However the reasons underlying the adoption of the SJ summons route do heighten, as I said to Mr Stowe in the course of argument, the necessity for parties and their legal representatives to ensure their compliance with the overriding purpose of facilitating the just, quick and cheap resolution of the real issues in the proceedings (s 56, CPA) and, too, ensuring the cost to the parties is proportionate to the importance and complexity of the subject-matter in dispute: s 60, CPA. I return to this issue below.

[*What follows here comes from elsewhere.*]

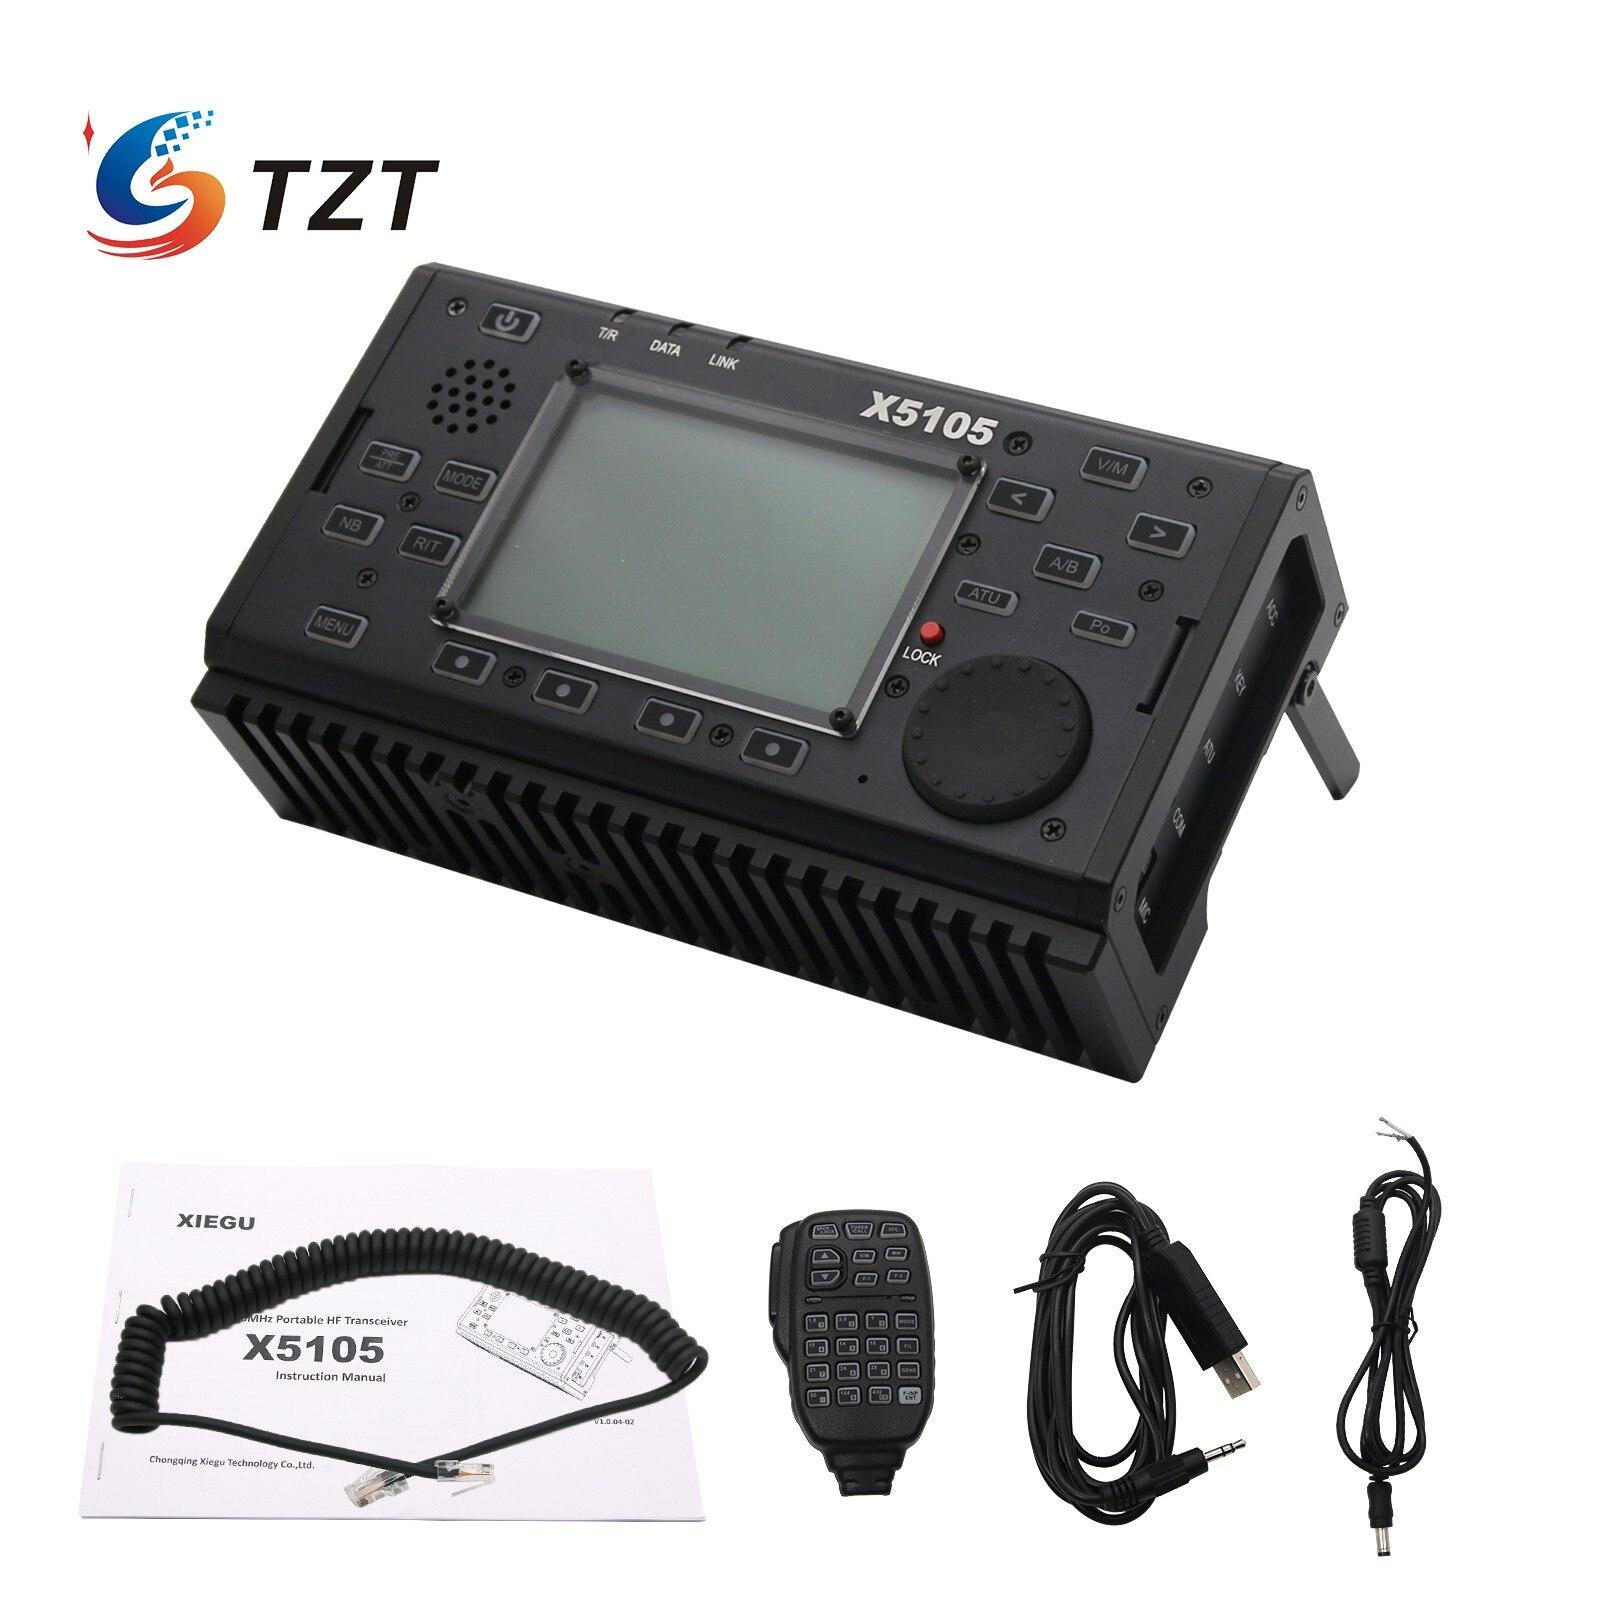 TZT TZT الموجات القصيرة جهاز الإرسال والاستقبال اللاسلكي HF مع IF إخراج جميع العصابات التي تغطي SSB CW AM FM rity PSK XIEGU X5105
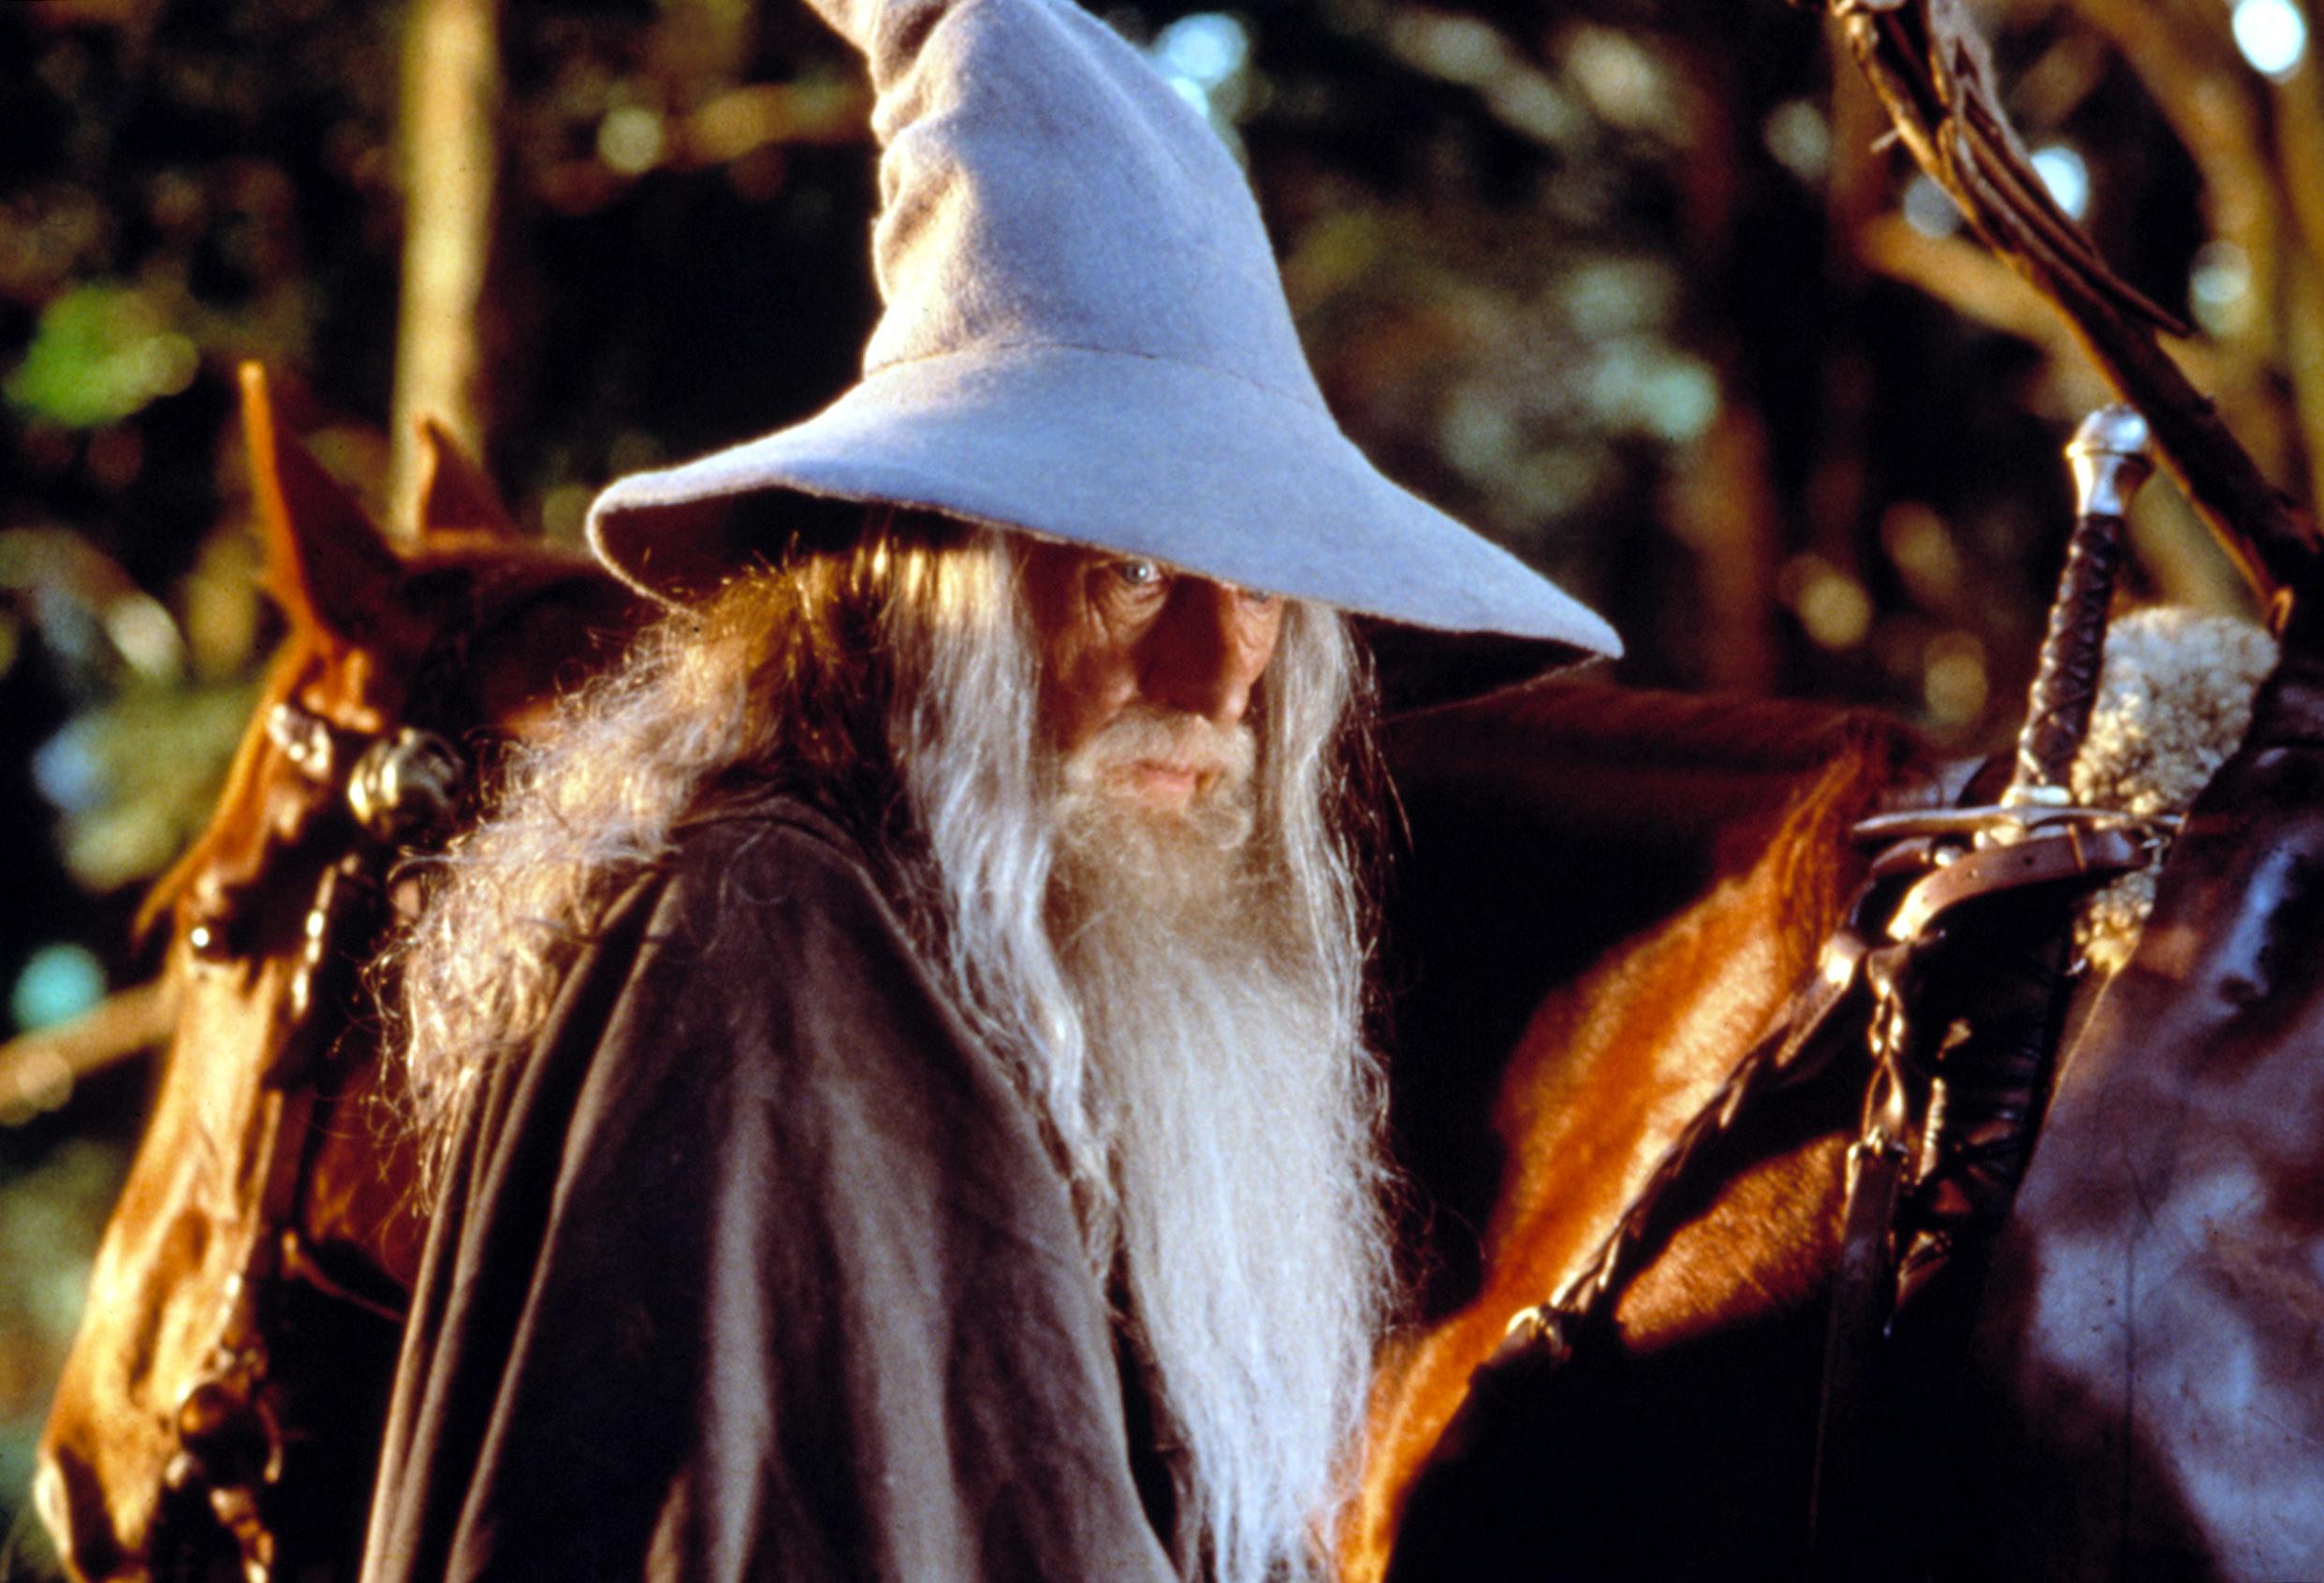 Ian McKellen as Gandalf

Once Mr Stowe filed the summons seeking leave to appeal in Court, Mr King did not advance any argument as to why I should not make the dispensation order sought in the amendment notice of motion. In my view, having regard to the constrained financial circumstances of the applicants it is appropriate to do so at this time. Should the applicants determine to pursue their application for leave to appeal, the White Folder will have to be filed within a time the Registrar should determine. As the dispensation order is an indulgence granted by the Court, the respondents should not have to bear any costs associated either with it or the abandoned attempt to "transform" the SJ summons.
Consideration
The primary judge's decision was an interlocutory one concerning the application of his discretion on a matter of practice and procedure. Such a decision required leave to appeal (s 127(2), DCA) and can only be challenged on the grounds identified in House v The King [1936] HCA 40; (1936) 55 CLR 499 (at 504 - 5); see also Micallef v ICI Australia Operations Pty Ltd [2001] NSWCA 274 (at [45]) per Heydon JA (Sheller JA and Studdert AJA agreeing).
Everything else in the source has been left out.